◆ Assigned task:
All lines from the one containing "Jerry Harrison of" through the end of the material are to be given back exactly, without pictures.

◆ Exercise data:

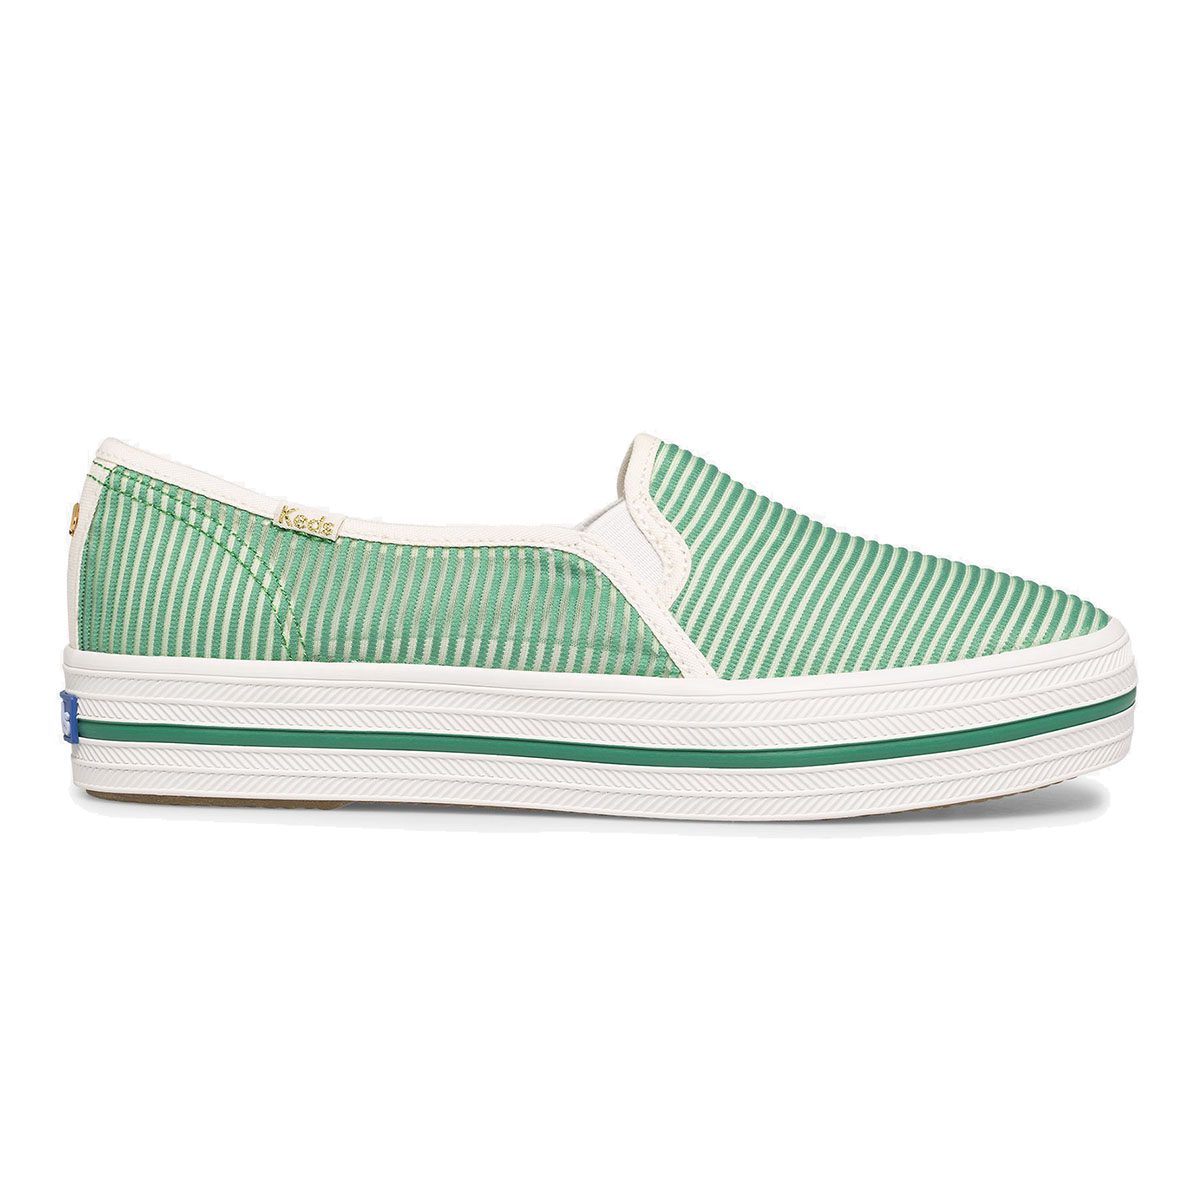 Keds x Kate Spade New York Triple Decker Green Slip-On Sneakers WF65112 -  
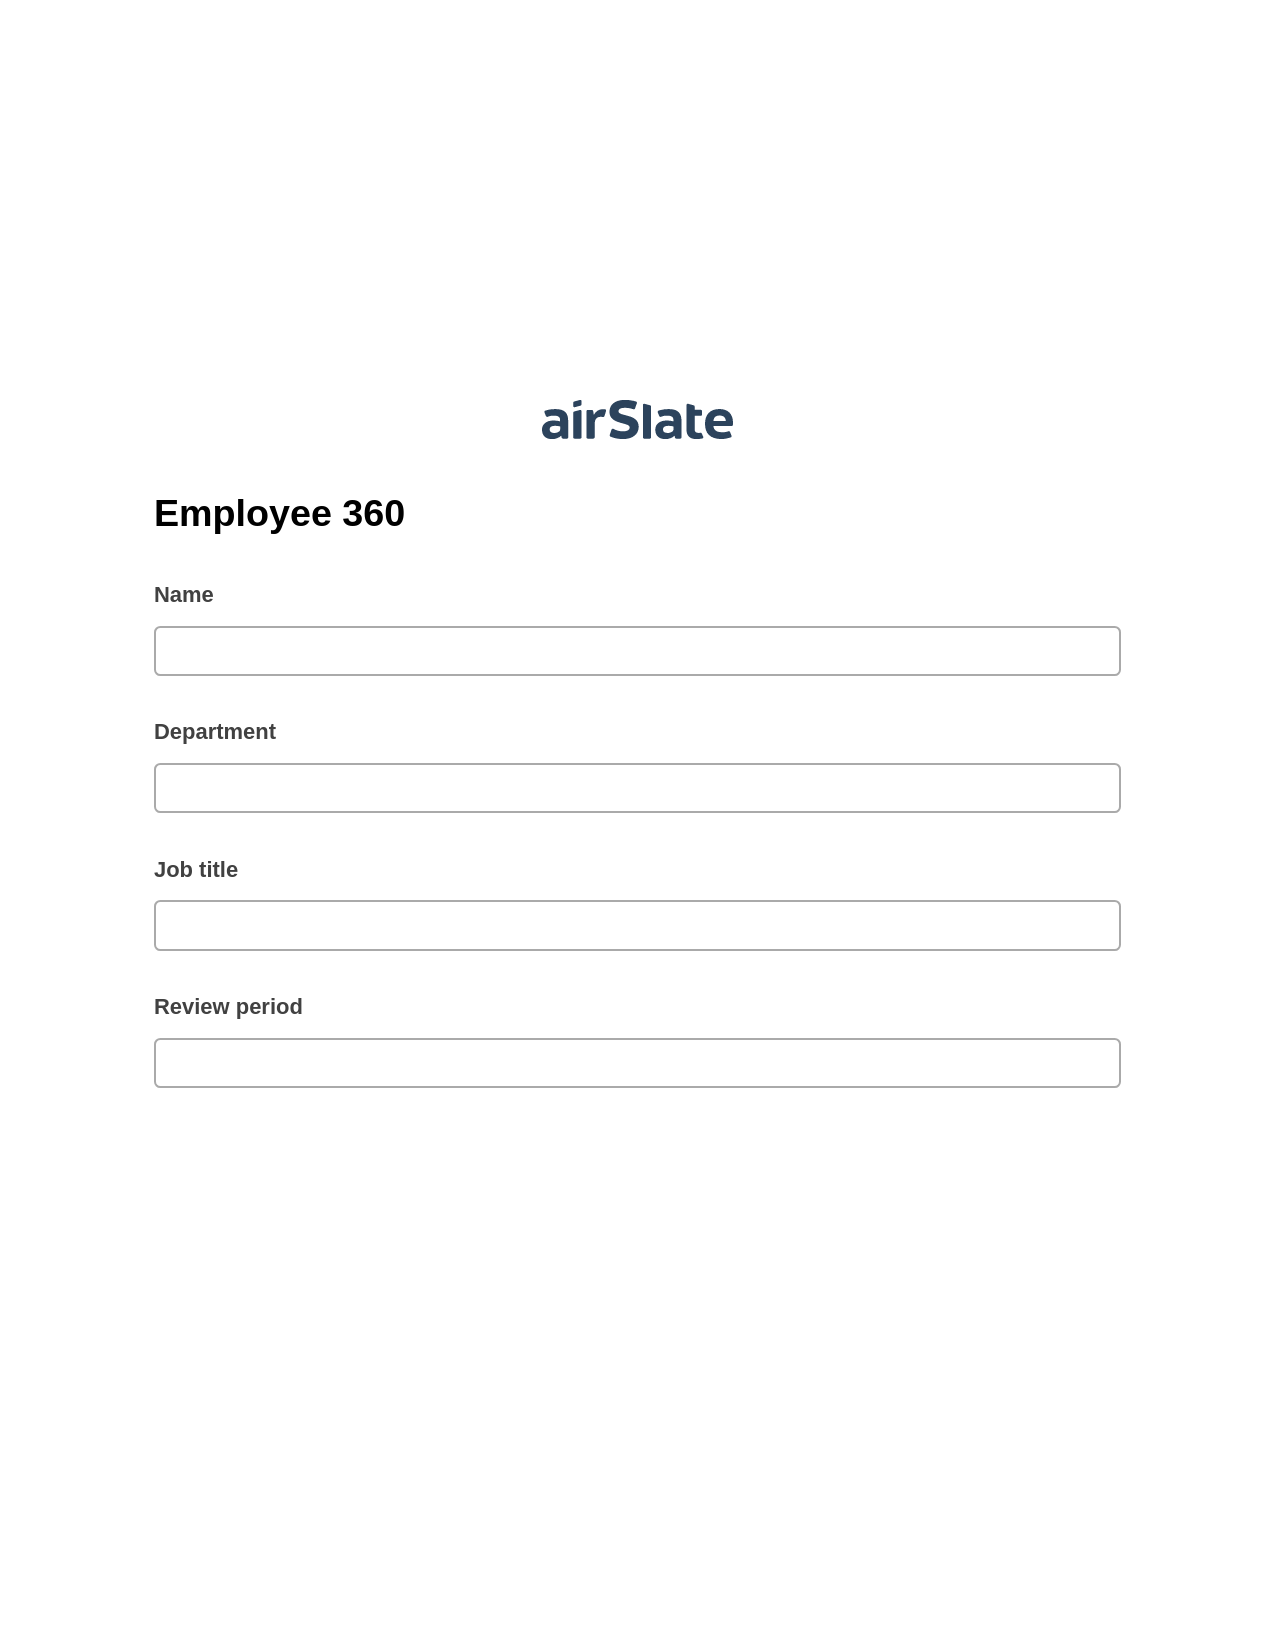 Multirole Employee 360 Pre-fill from MS Dynamics 365 Records, Invoke Salesforce Process Bot, Archive to Google Drive Bot
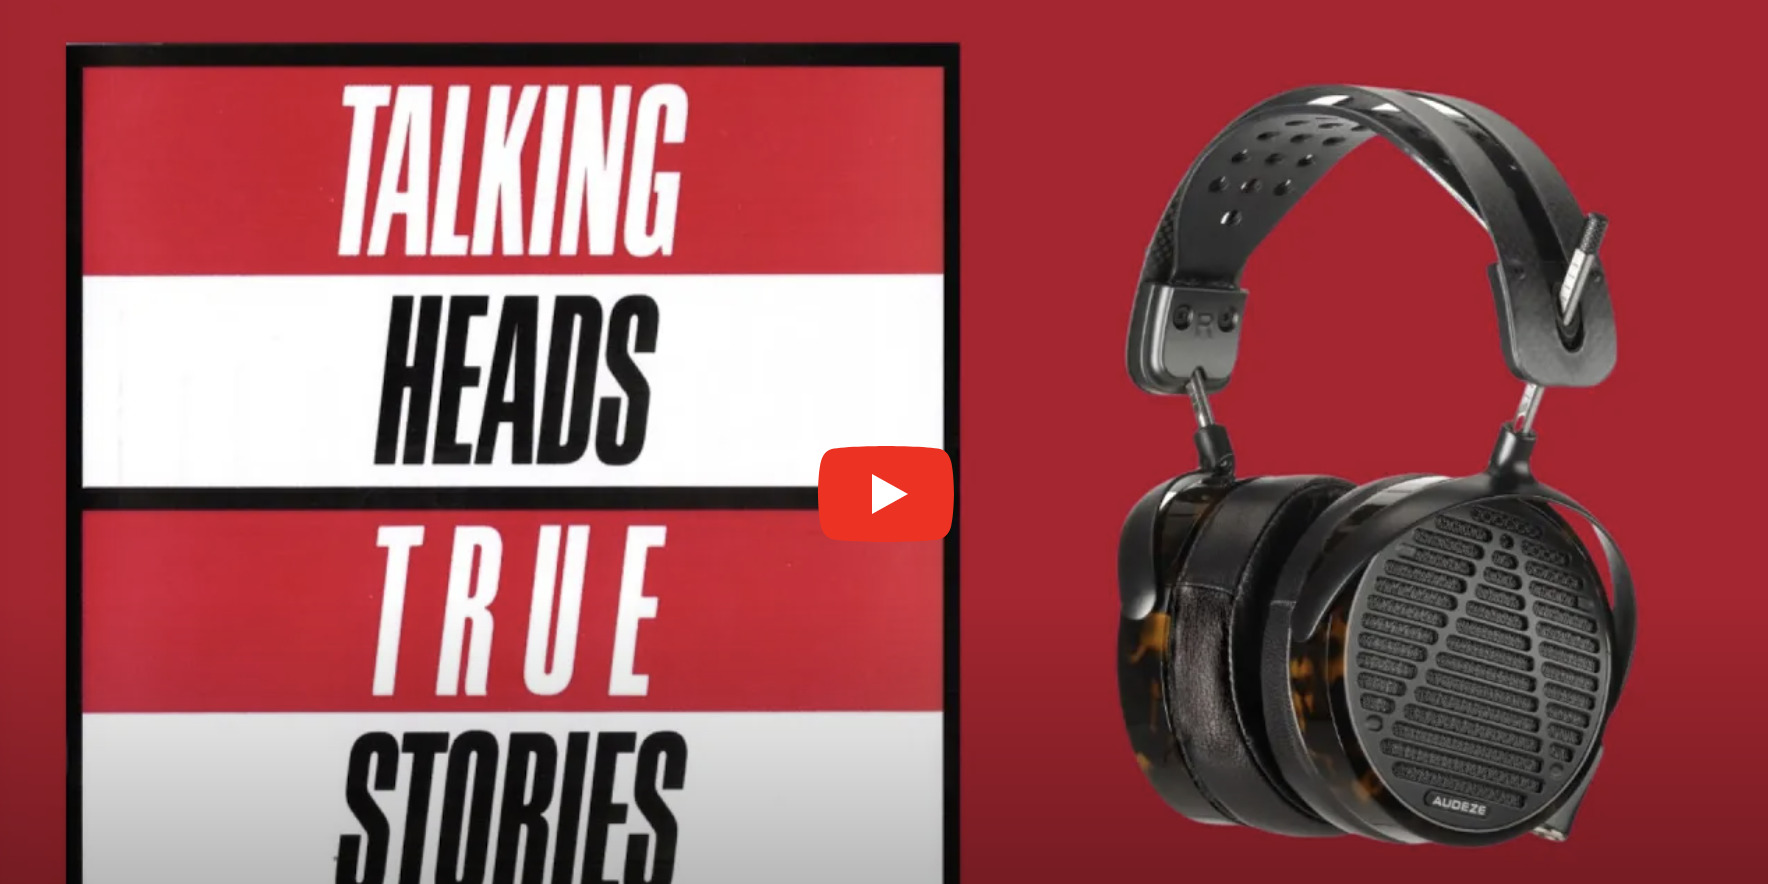 Jerry Harrison of TALKING HEADS Mixing & Mastering w/ Audeze Headphones
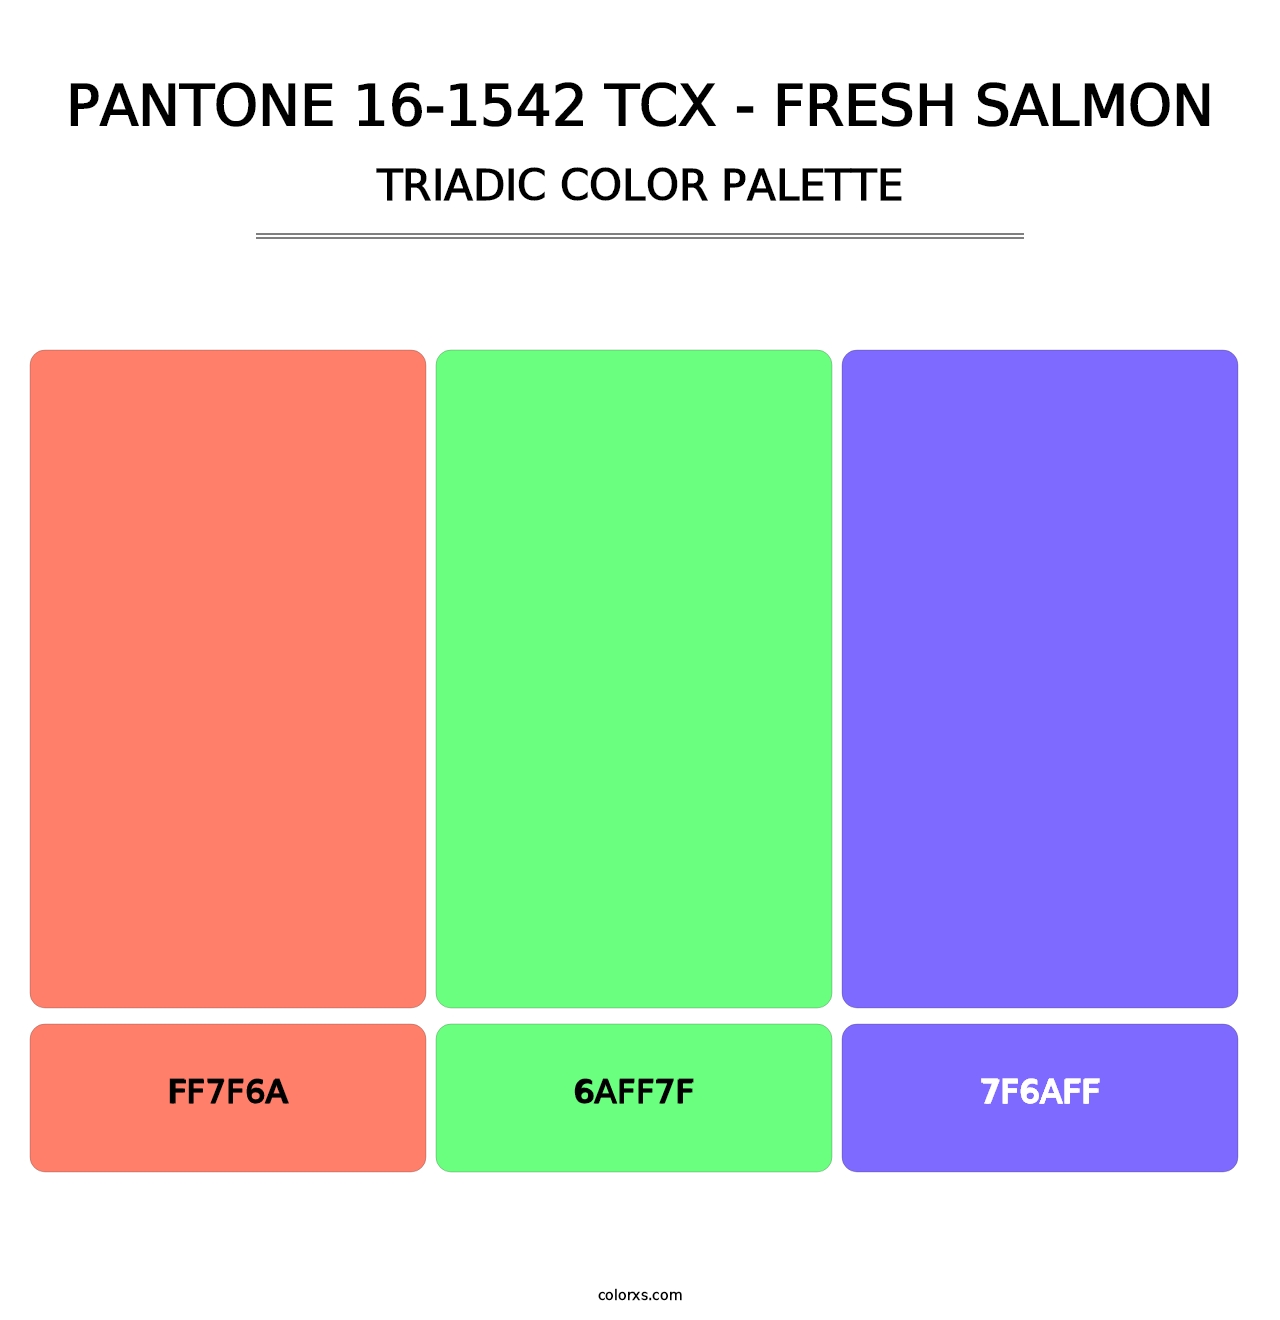 PANTONE 16-1542 TCX - Fresh Salmon - Triadic Color Palette

◆ Finished task:
 Jerry Harrison of TALKING HEADS Mixing & Mastering w/ Audeze Headphones
 PANTONE 16-1542 TCX - Fresh Salmon - Triadic Color Palette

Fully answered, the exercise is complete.